Sarcopenia and malnutrition in acutely ill hospitalized elderly: Prevalence and outcomes.

作者信息

Cerri Anna Paola, Bellelli Giuseppe, Mazzone Andrea, Pittella Francesca, Landi Francesco, Zambon Antonella, Annoni Giorgio

机构信息

Department of Health Sciences, University of Milano-Bicocca, Italy.
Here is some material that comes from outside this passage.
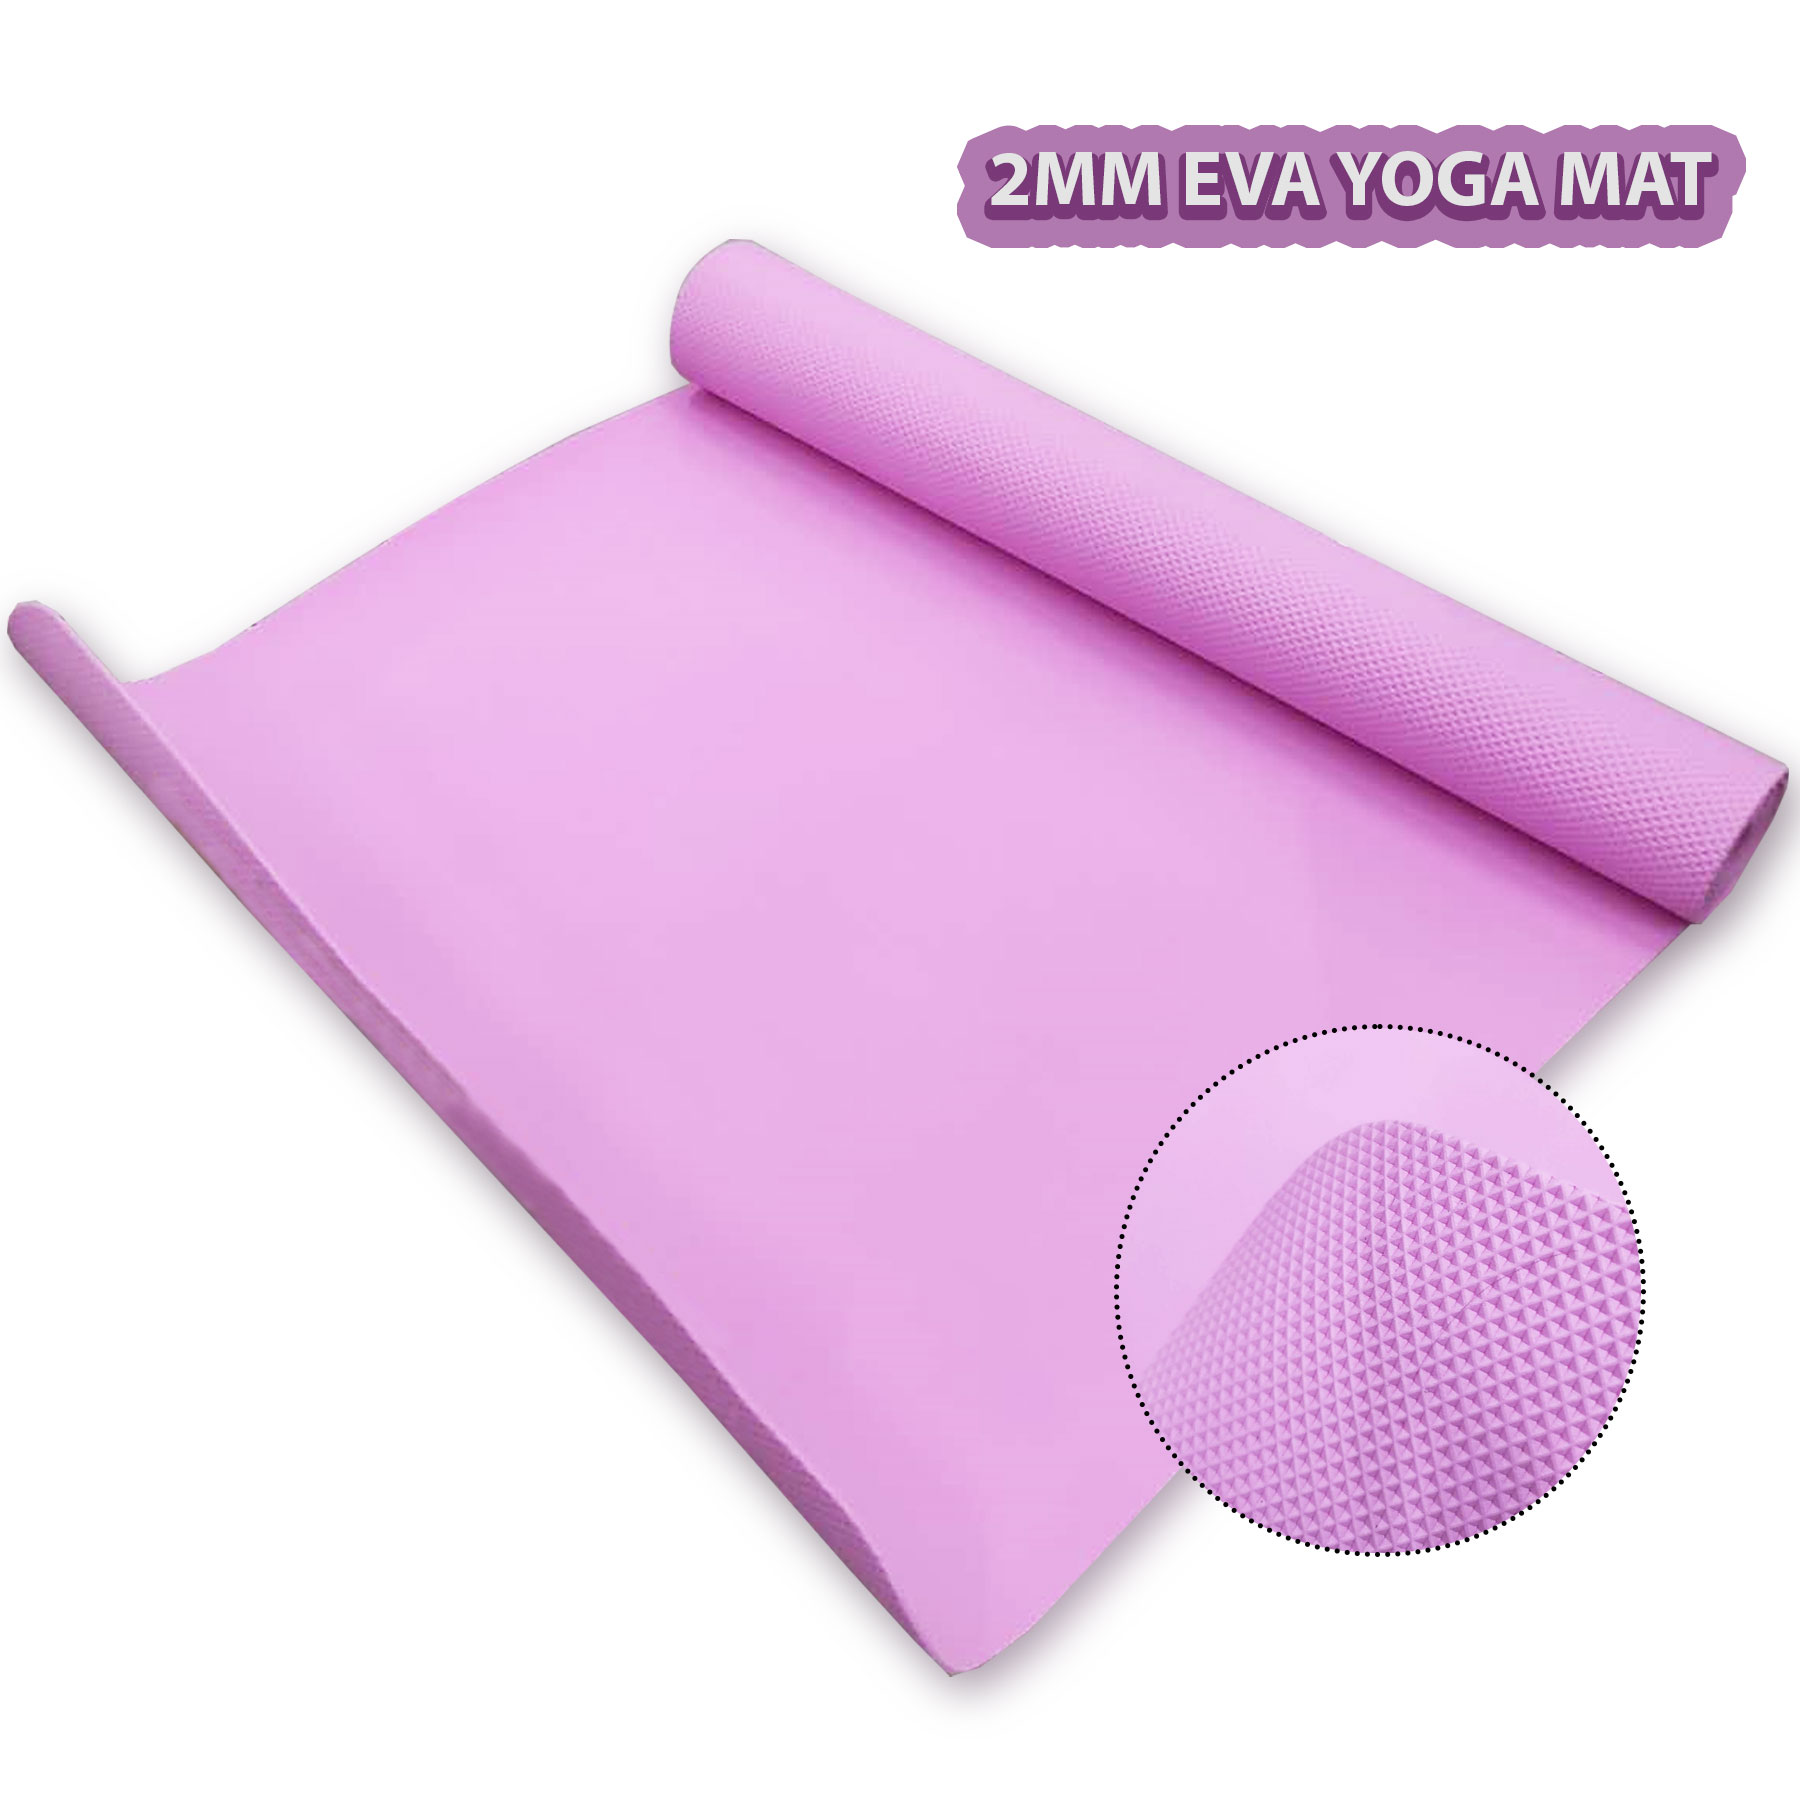 Super Extra Thick Yoga Mat

Department of Health Sciences, University of Milano-Bicocca, Italy; Geriatric Clinic, San Gerardo Hospital, Monza, Italy; Milan Center for Neuroscience (Neuro-Mi), Milan, Italy.

出版信息

Clin Nutr. 2015 Aug;34(4):745-51. doi: 10.1016/j.clnu.2014.08.015. Epub 2014 Sep 21.

Abstract

BACKGROUND & AIMS: Data about the prevalence of sarcopenia among hospitalized patients is lacking and it is unclear whether the diagnostic criteria commonly used in community-dwellers is applicable in acutely ill subjects. The aims of this report are: (i) to assess the prevalence of sarcopenia among hospitalized patients; (ii) to assess whether the European Working Group on Sarcopenia in Older People (EWGSOP) criteria are applicable in an acute care setting; and (iii) to assess the mortality rate at 3 months.

METHODS

103 patients admitted to the Acute Geriatric Clinic were enrolled. Inclusion criteria were: age ≥65 years and malnutrition or risk of malnutrition, according to the Mini Nutritional Assessment Short Form. Sarcopenia was diagnosed using the EWGSOP criteria by means of bioimpedance analysis, handgrip strength and gait speed, within 72 h of admission. Information on deaths was obtained by telephone interview at 3 months following discharge.

RESULTS

Sarcopenia was diagnosed in 22 patients (21.4%). Twenty-three patients (22.3%) were not able to perform the gait speed and/or the handgrip strength because bedridden or requiring intensive treatments. In this group, a definite diagnosis of sarcopenia was not possible, lacking at least one EWGSOP criteria. Eleven (10.7%) patients died within the 3 months post-discharge period. Kaplan-Meier survival curves showed that sarcopenic patients died significantly more frequently than others (log-rank p ≤ 0.001).

CONCLUSIONS

In a population of hospitalized elderly malnourished or at risk of malnutrition, sarcopenia is highly prevalent and associated with an increased risk to die in the short-term. Furthermore, the EWGSOP criteria cannot be satisfactorily applied in a relevant proportion of patients.

摘要

背景与目的

目前缺乏关于住院患者肌少症患病率的数据,并且尚不清楚社区居民常用的诊断标准是否适用于急性病患者。本报告的目的是:(i)评估住院患者中肌少症的患病率;(ii)评估老年人肌少症欧洲工作组(EWGSOP)标准是否适用于急性护理环境;(iii)评估3个月时的死亡率。

方法

纳入103名入住急性老年病诊所的患者。纳入标准为:年龄≥65岁,且根据简易营养评估简表存在营养不良或营养不良风险。入院72小时内,通过生物电阻抗分析、握力和步速,采用EWGSOP标准诊断肌少症。出院后3个月通过电话访谈获取死亡信息。

结果

22例患者(21.4%)被诊断为肌少症。23例患者(22.3%)因卧床或需要强化治疗而无法进行步速和/或握力测试。在这组患者中,由于缺乏至少一项EWGSOP标准,无法明确诊断肌少症。11例(10.7%)患者在出院后3个月内死亡。Kaplan-Meier生存曲线显示,肌少症患者的死亡频率显著高于其他患者(对数秩检验p≤0.001)。

结论

在住院的营养不良或有营养不良风险的老年人群中,肌少症非常普遍,且与短期死亡风险增加相关。此外,EWGSOP标准不能在相当比例的患者中得到满意应用。